The case arose out of a lawsuit filed in October 2012 by the National Association of Manufacturers, U.S. Chamber of Commerce and Business Roundtable asking the court to modify or set aside the SEC's conflict minerals rules, which implement Section 1502 of the Dodd-Frank Wall Street Reform and Consumer Protection Act. In July 2013, the federal district court handed the SEC a victory by granting the SEC's motion for summary judgment. In concluding that the plaintiffs' claims lacked merit, the district court found "no problems with the SEC's rulemaking and disagree[d] that the ‘conflict minerals' disclosure scheme transgresses the First Amendment." In addition, the lower court concluded that it should not "substitute its judgment" for the SEC's. (See my email of 7/24/13 and the related Cooley Alert, "SEC's Conflict Minerals Rules Survive Court Challenge.") The plaintiffs appealed that decision and the U.S. Court of Appeals for the District of Columbia Circuit heard argument on the challenge today.
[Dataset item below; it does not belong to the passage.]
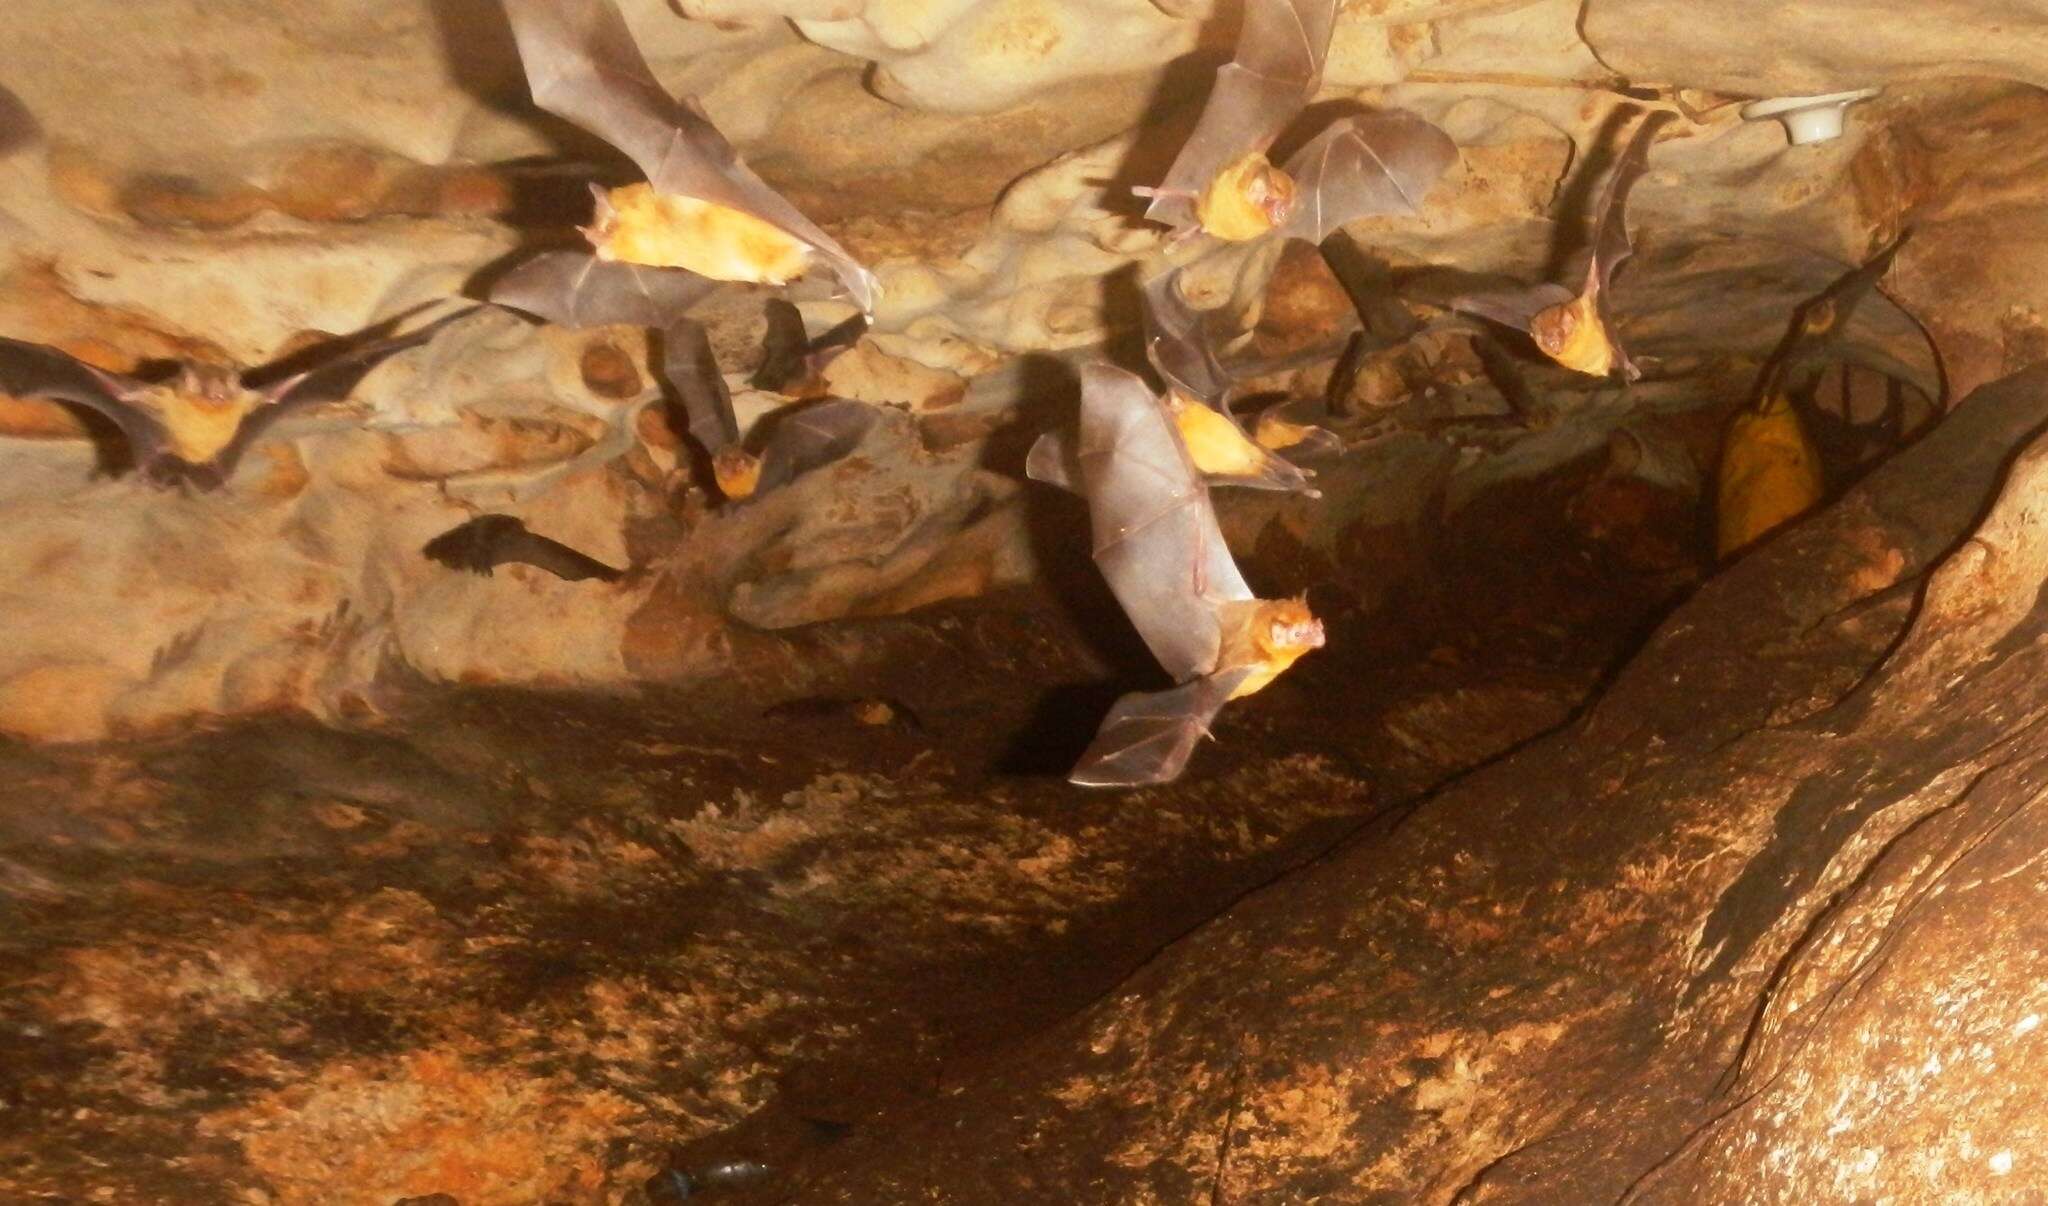 Image of Orange-throated Bat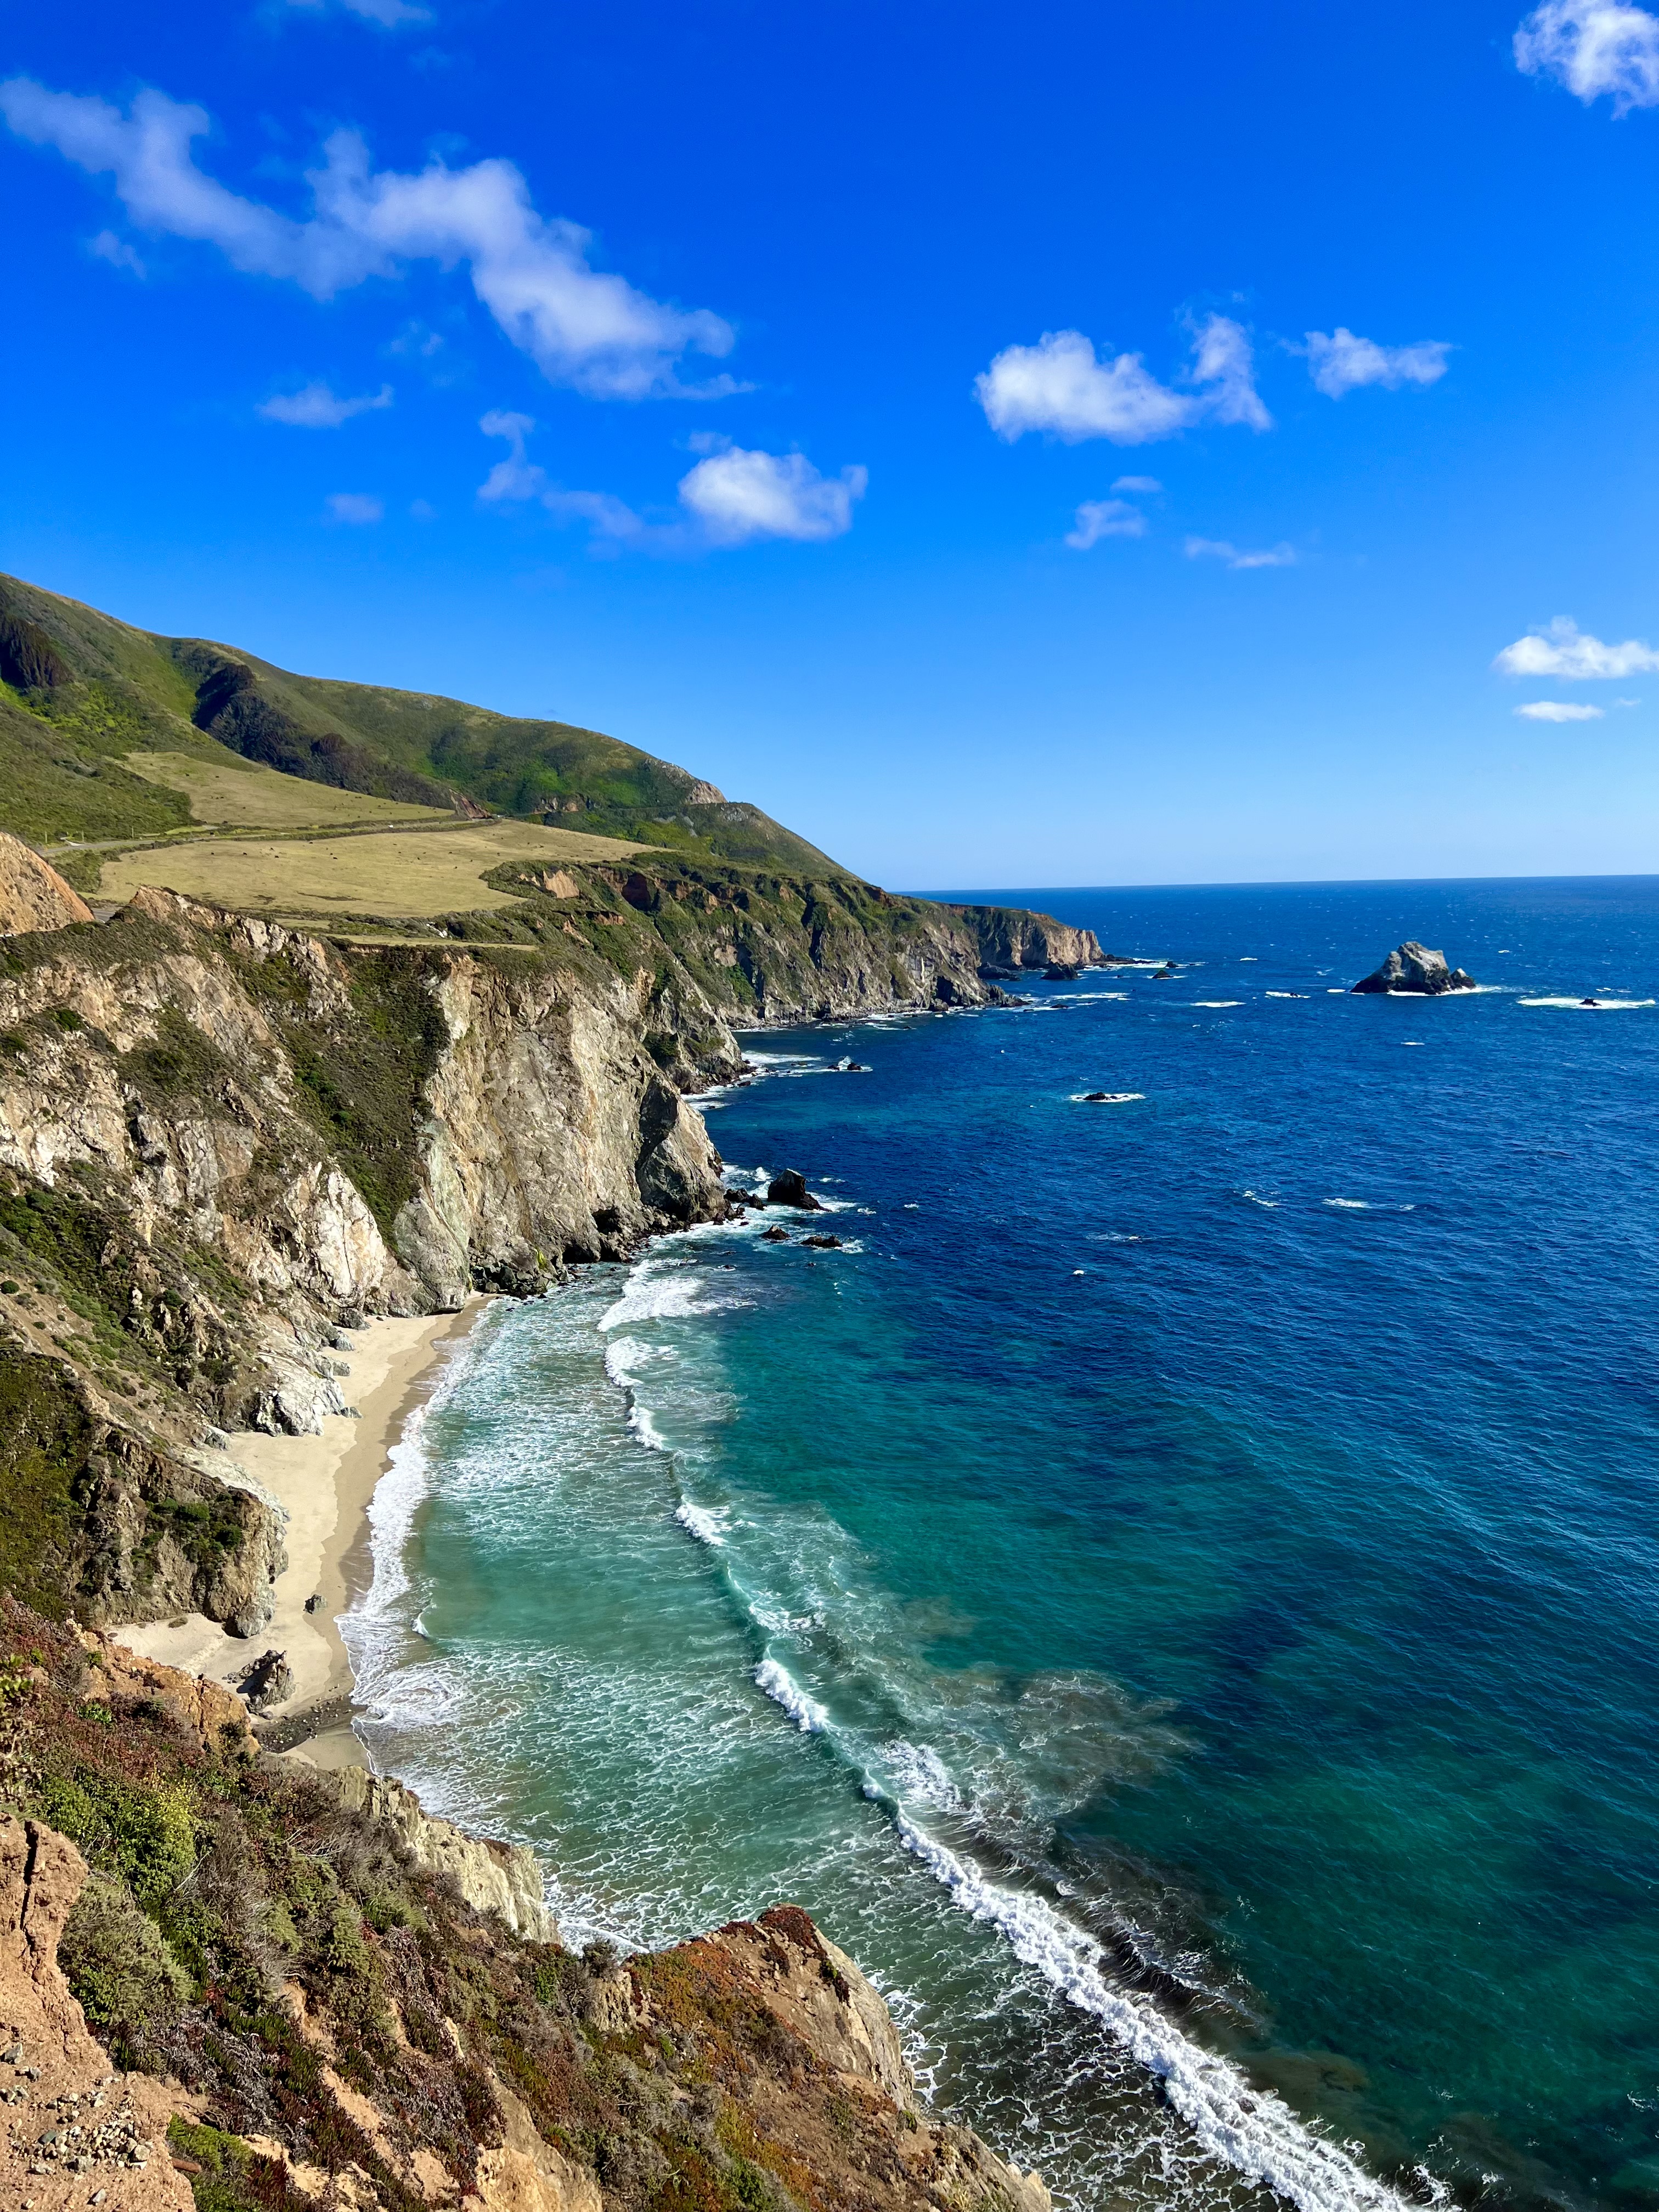 Carmel green cliffs and ocean view

With regard to timing of the decision, according to Reuters, the judges "did not indicate a timeline for when they may rule." Unless the rule is vacated by the court, compliance is still required and companies have until May 2014 to file their first Forms SD with the SEC. (It's notable that, when a district court threw out the SEC's resource extraction rules, also mandated by Dodd-Frank, the SEC chose not to appeal and instead indicated its intent to rewrite those rules. See my email of 9/3/13.)